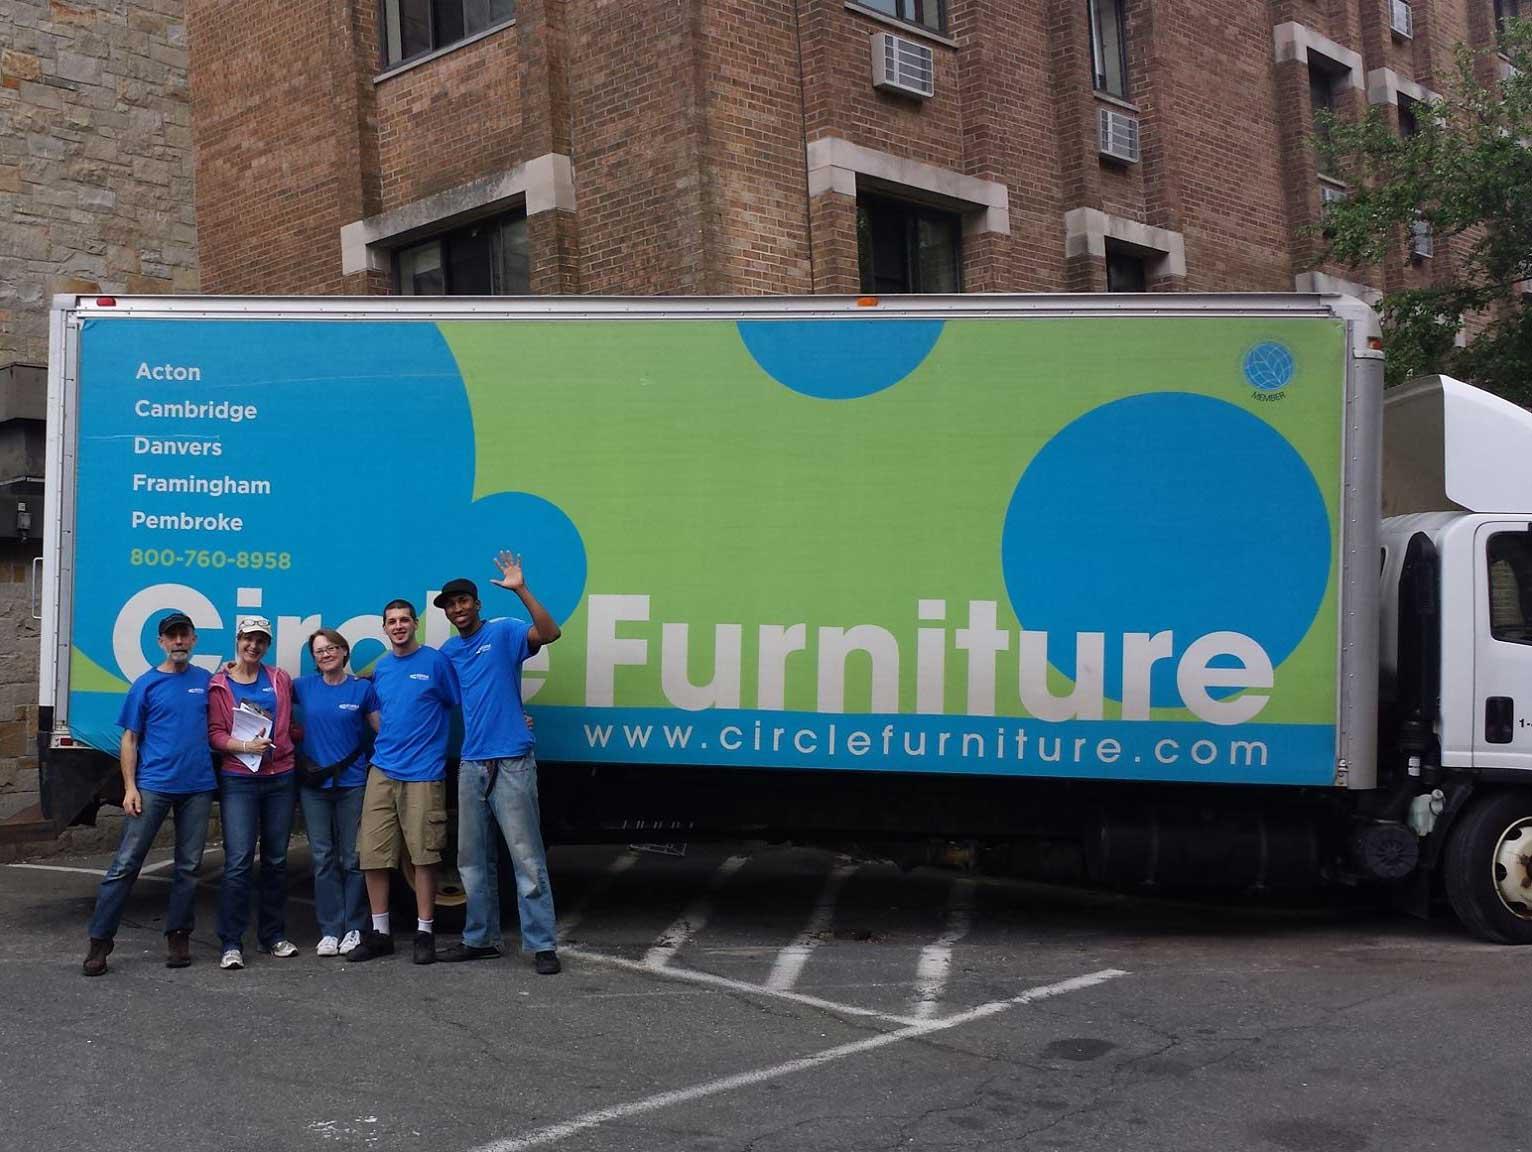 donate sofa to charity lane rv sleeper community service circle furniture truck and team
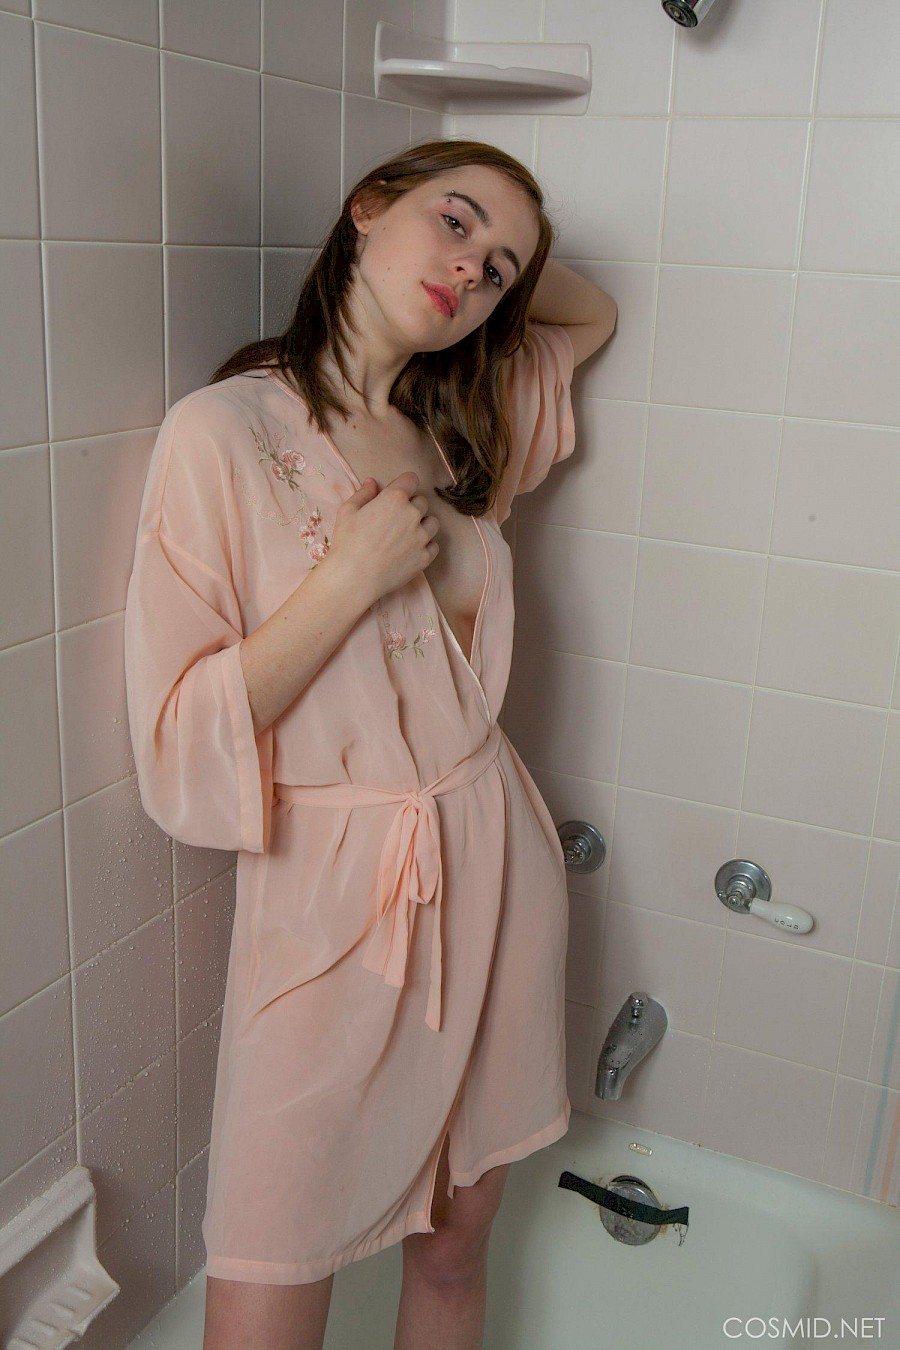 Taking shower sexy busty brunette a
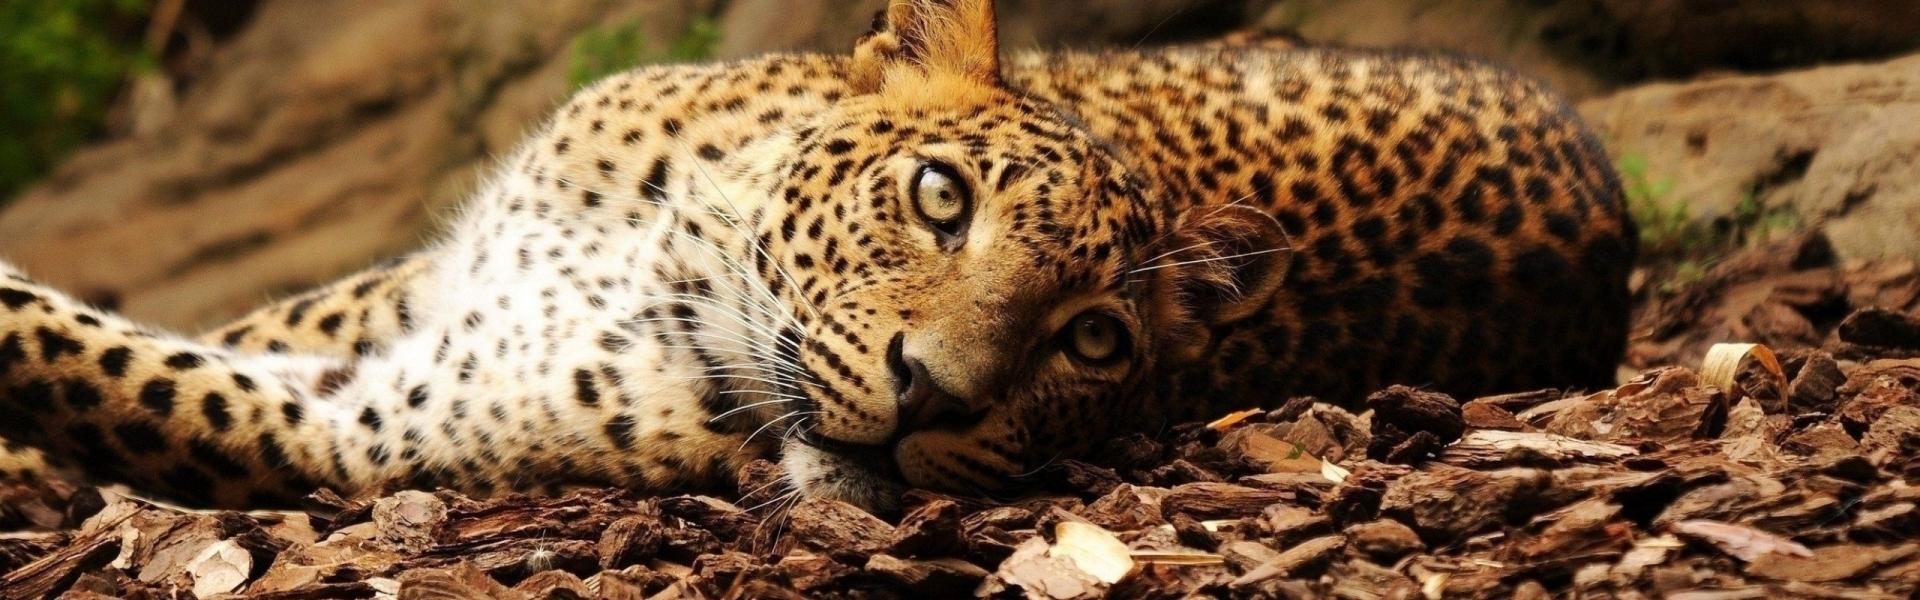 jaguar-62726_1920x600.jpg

---

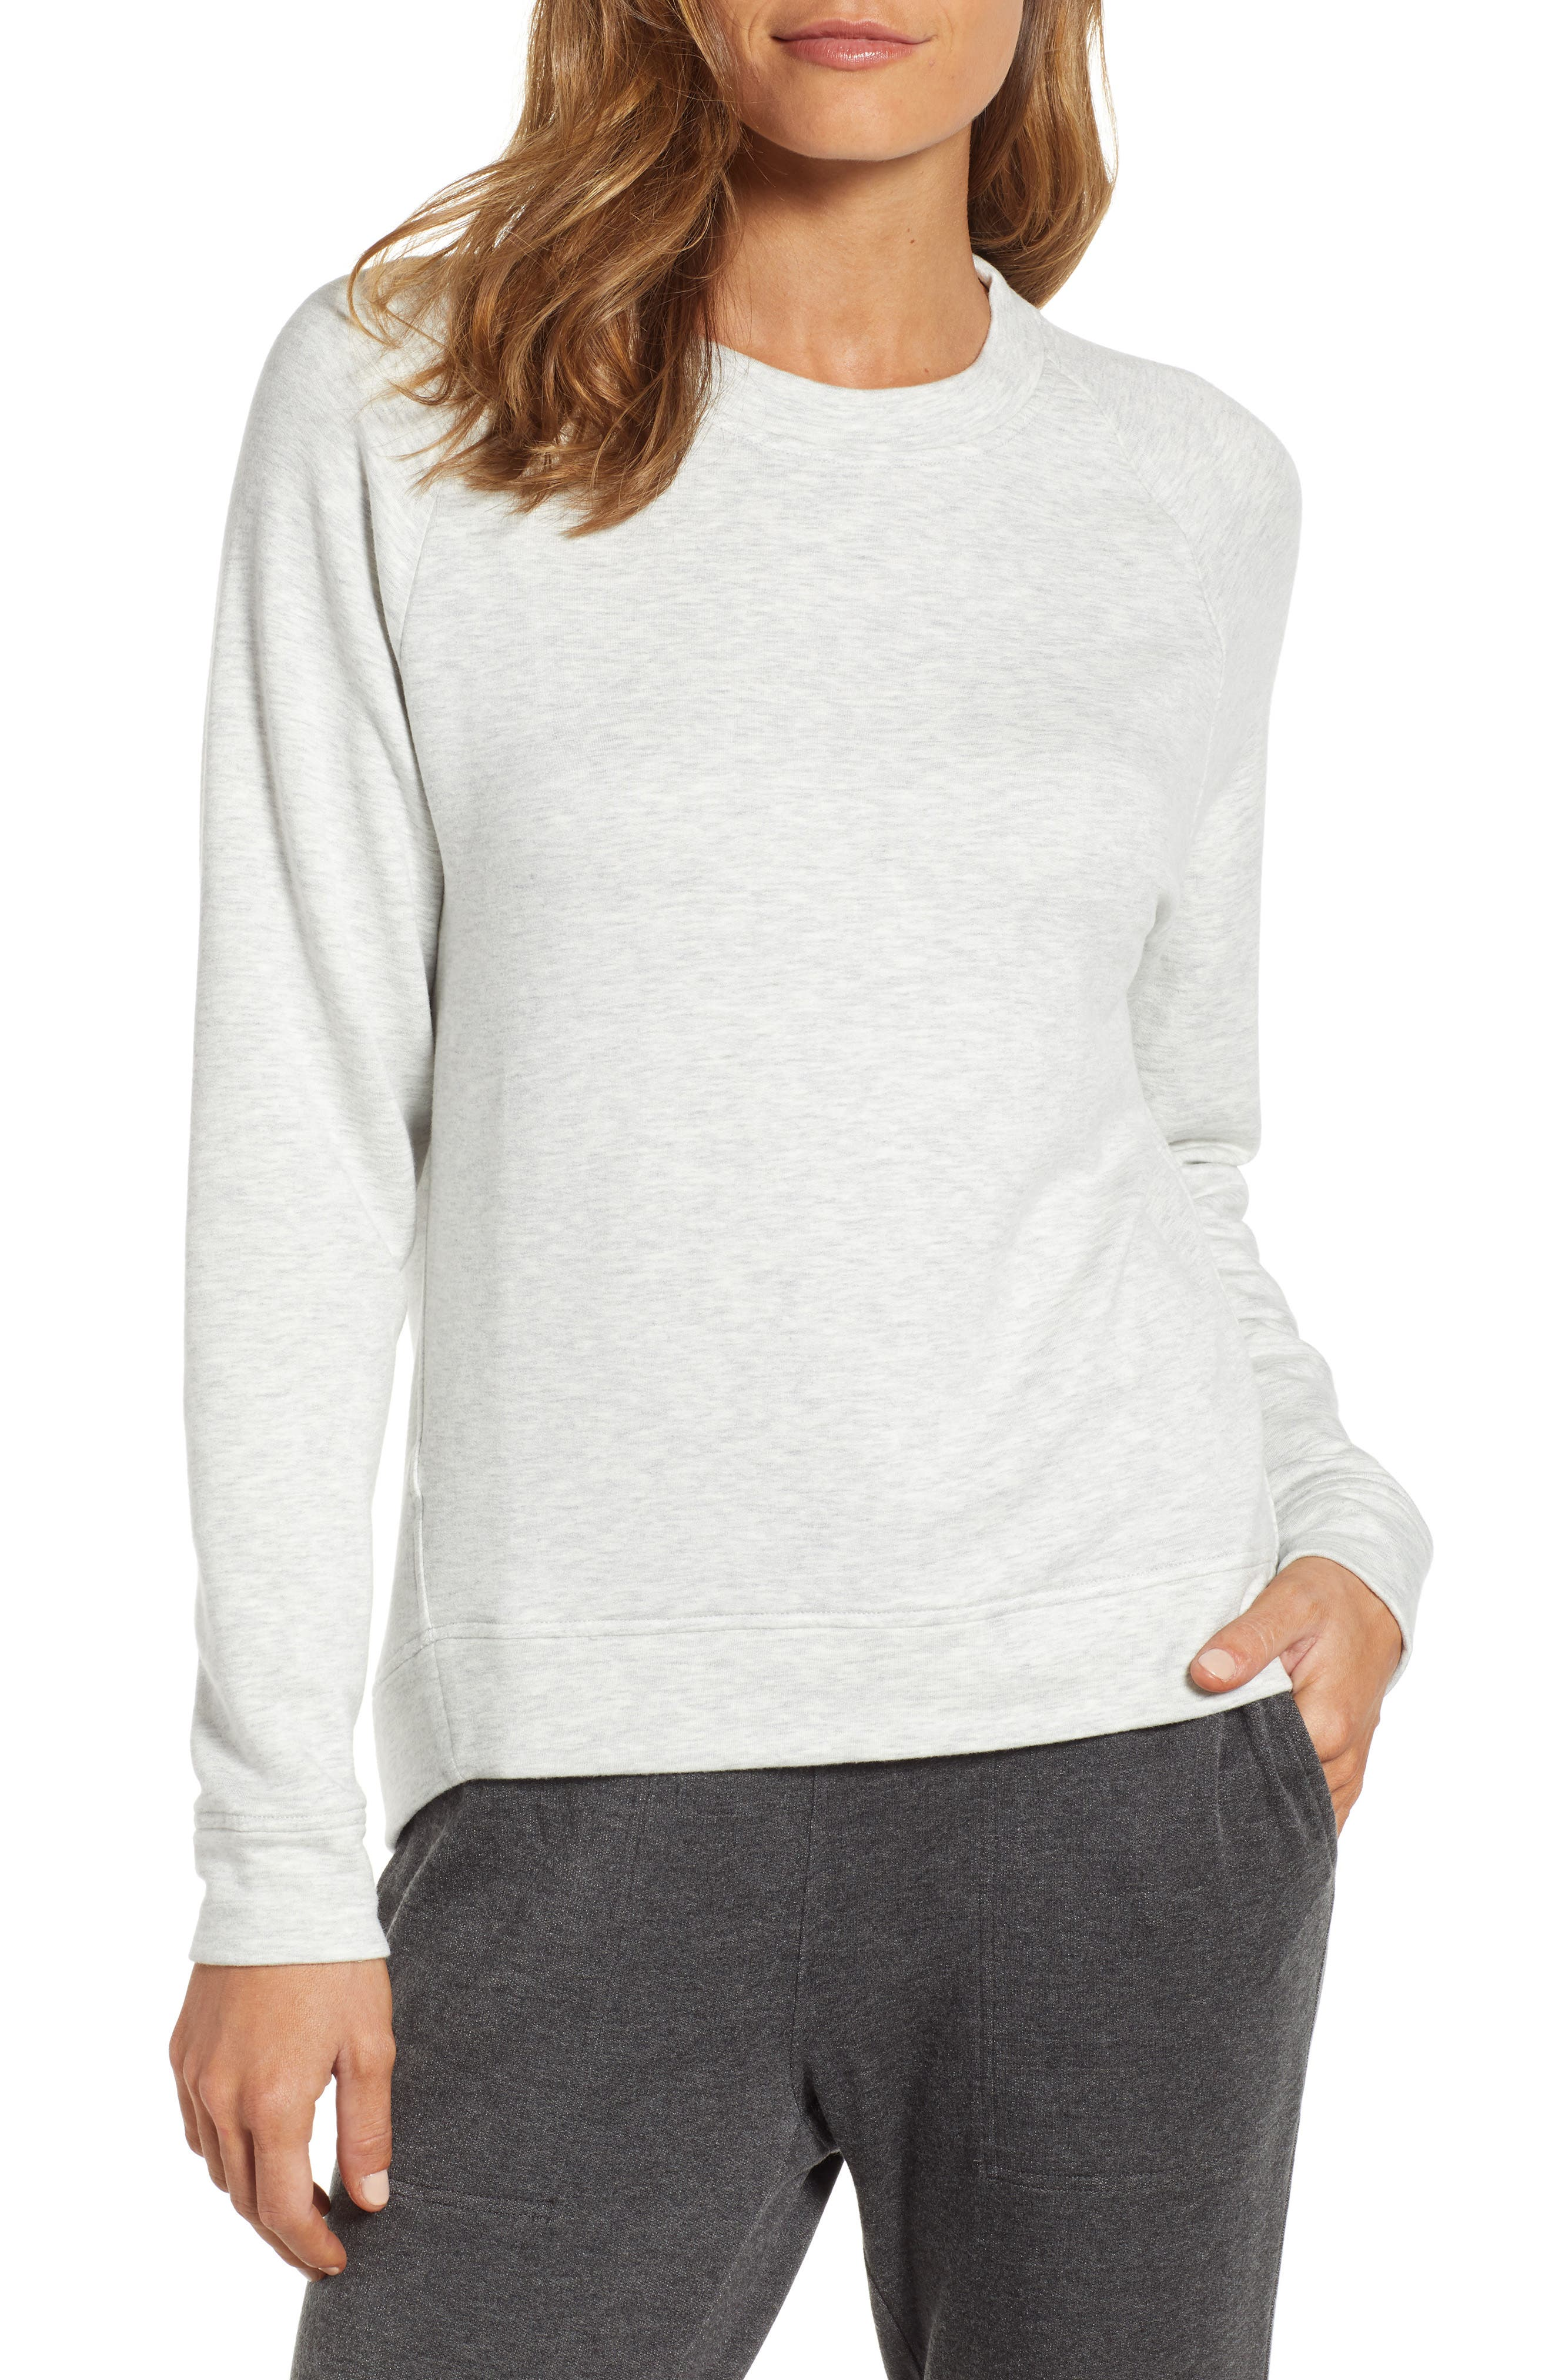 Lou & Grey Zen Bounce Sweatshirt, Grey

> [PROBLEM TO SOLVE]
Look above for the line with "donate sofa to", then give again exactly every line from there through the line with "jaguar-62726_1920x600.jpg", skipping the pictures.

> [YOUR SOLUTION]
 donate sofa to charity lane rv sleeper community service circle furniture truck and team
 Taking shower sexy busty brunette a
 jaguar-62726_1920x600.jpg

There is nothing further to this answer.